Thursday, 27 February 2014

Why sheep should wear dog collars

Sheep need to be treated for ticks and this is usually done by applying acaricide pour-on at regular intervals between April and October when ticks are looking for a blood meal.

The best acaricide is only effective for 8-12 weeks meaning sheep need to be treated 5 times. This is obviously costly and time consuming so we began looking at alternative treatment techniques.
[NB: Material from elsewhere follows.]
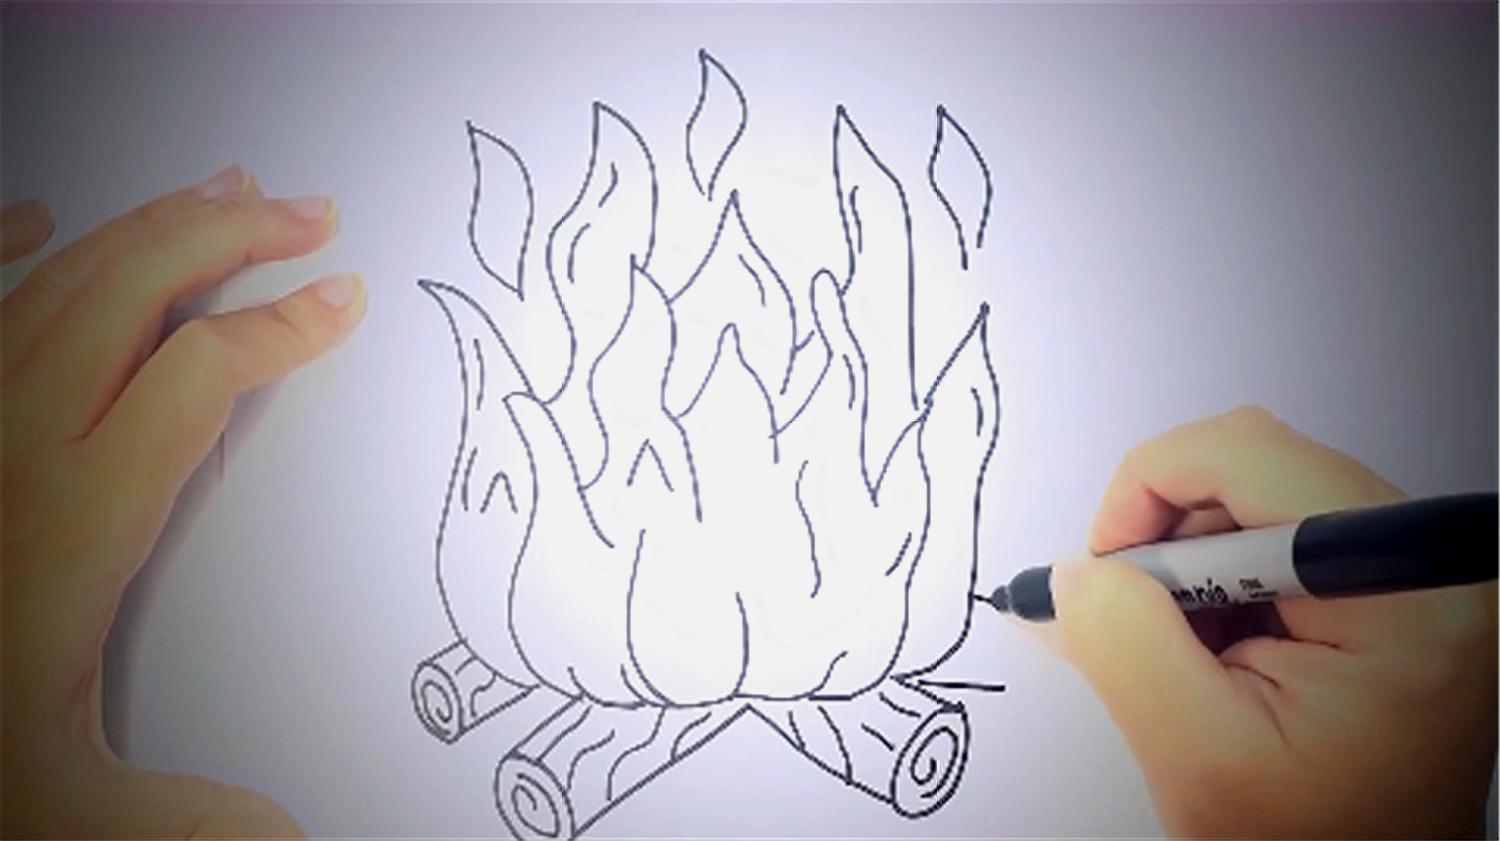 4火的简笔画步骤:先画出一个不规则形状当做火,再给火焰下面画上木柴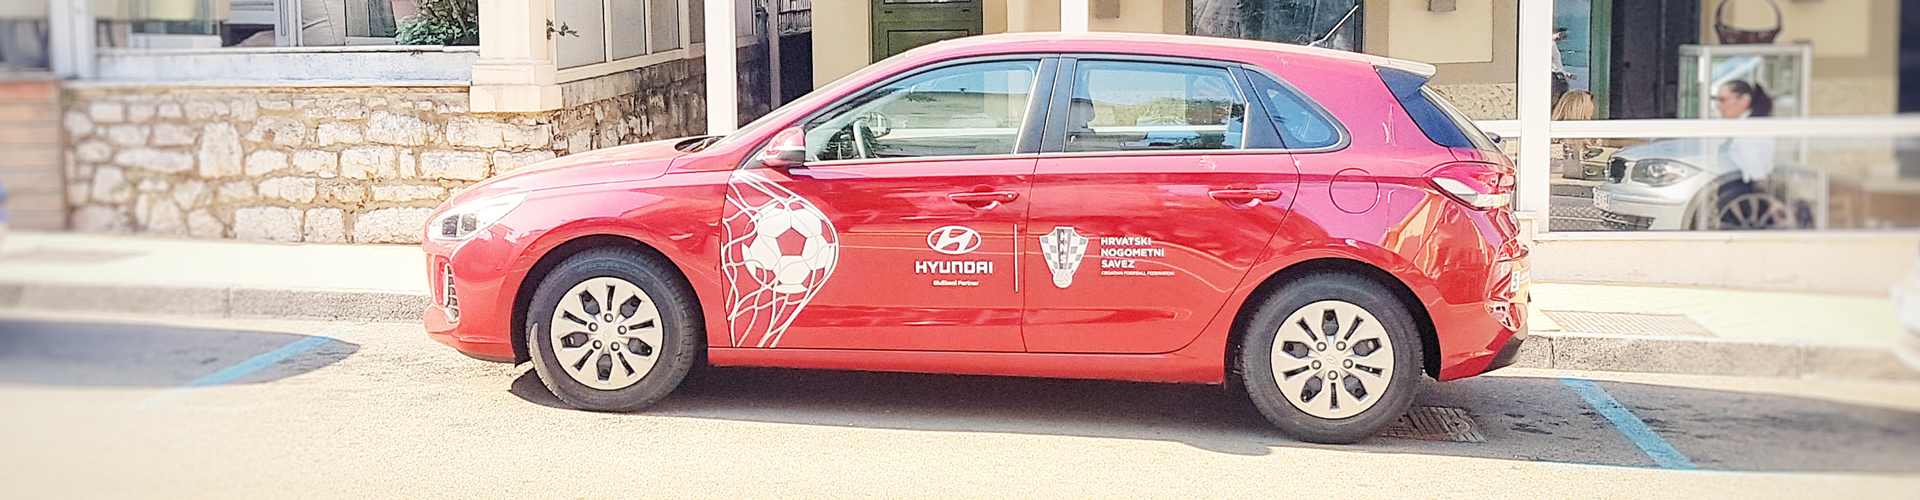 Hyundai je partner Hrvatskog nogometnog saveza

We conducted an experiment within a tick-infested rough grazing paddock on Rosedale Estate in the North York Moors using 66 sheep, divided into four groups:

1. Fitted with a pendant made from cattle fly tags incorporating 935 milligrammes of cypermethrin and attached to plastic neck collars for sheep.
2. Fitted with a commercial tick collar for large dogs, which contained one gramme of deltamethrin.
3. Treated with Crovect, a conventional pour-on, containing 1.25% w/v cypermethrin, at an application rate of 10 millilitres per 20 kilogrammes live weight of sheep. Sheep were re-treated with Crovect after measuring tick burdens in week 12.
4. A control group with no acaricide treatment.

The Outcome

The graph below shows how tick numbers responded to each of the four treatments. As you can see, after week 14 no ticks were found on those wearing dog collars, unlike those in the other three treatment groups. After week 2 the dog collar had a kill-rate of 93% compared with the control group.

This data has given us reasonable confidence in the effectiveness of dog collars and their ability to stay effective from April to October.